Cue Ocean’s 11 soundtrack…
For this job, the science is hard, creating a new food brand is hard, building scale and distribution is hard.
The science at the heart of Eden Brew comes from CSIRO. Australia’s national science agency (and Main Sequence’s founding partner) has decades of experience in both the protein engineering and the dairy processing which Eden Brew needs to make milk that can be poured onto Weetbix without the kids noticing.
Eden Brew will be making their milk using a practice known as precision fermentation in which yeast produces the proteins that are normally made inside a cow. These proteins then need to be re-assembled into the creamy-white stuff that froths in lattes, clots in stomachs to keep us full and transforms into cheese and other dairy products.
One product that is already made at scale in this way is insulin for treating diabetes. Imagine this, before precision fermentation, insulin was extracted from pigs and took 8 tonnes of pig pancreas for every litre of insulin. That’s a lot of pigs. This new way is much better!
Next we needed processing, distribution and the generational expertise of a dairy company. We found this in our Industry Founder, Norco. Norco is the biggest dairy co-op in Australia. Based in northern New South Wales, Norco was established over 100 years ago and includes over 200 member farms each producing over 1m litres of milk per year. This milk is processed and transformed at Norco into packaged milk, ice-cream, butter and cheese before being distributed to Australian retailers.

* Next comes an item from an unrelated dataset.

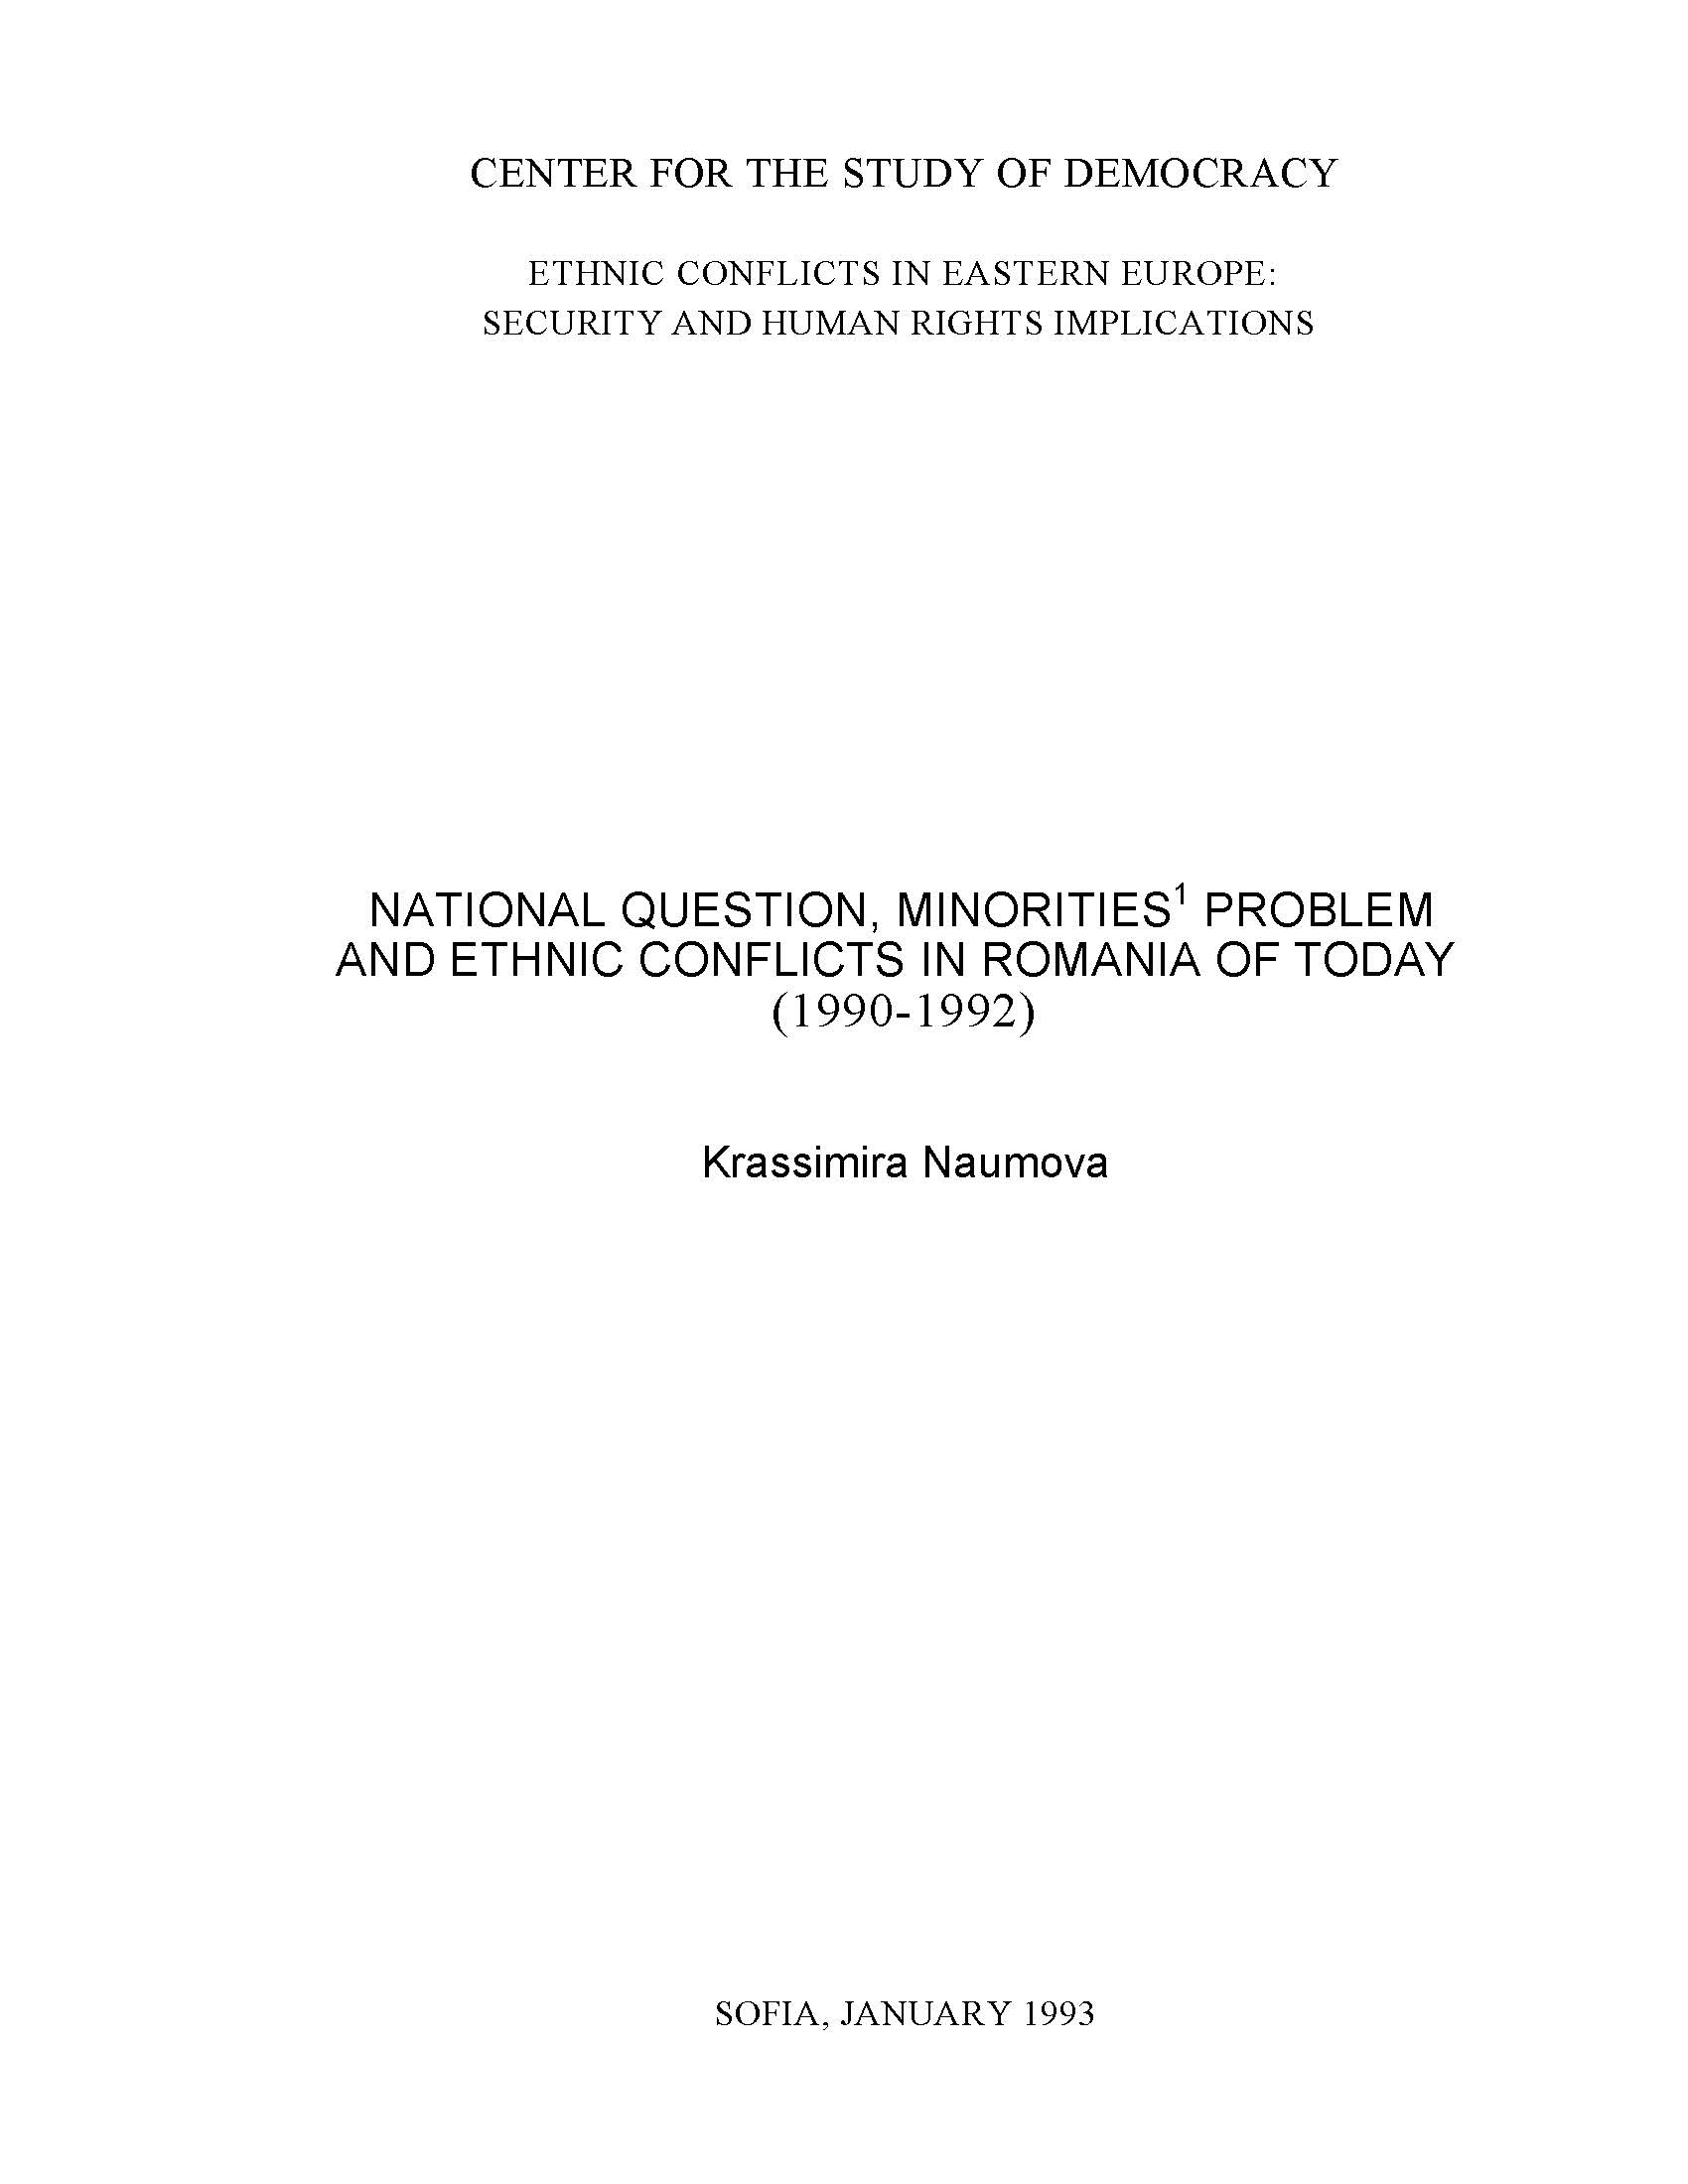 National Question, Minorities’ Problem and Ethnic Conflicts in Romania of Today (1990-1992)

I met Jim Fader while he was General Manager at Foodco Fresh at Woolworths. He introduced me to the incredible innovation that is going on in food retail and helped another one of our companies — v2food — understand what it needed to do to succeed on the shelves. When he left Woolworths we grabbed him for Eden Brew where he has got back to his startup roots and now leads the company as CEO.
The founder team was in place. We had the team to imagine, discover, build, process and ship the products of Eden Brew. No one of us could do it alone, but together we had everything we needed.
And now we are working. At a phenomenal speed. We’ve already tasted Eden Brew milk (have a look at the photo at the start of this post) and we’ve started the journey to scale.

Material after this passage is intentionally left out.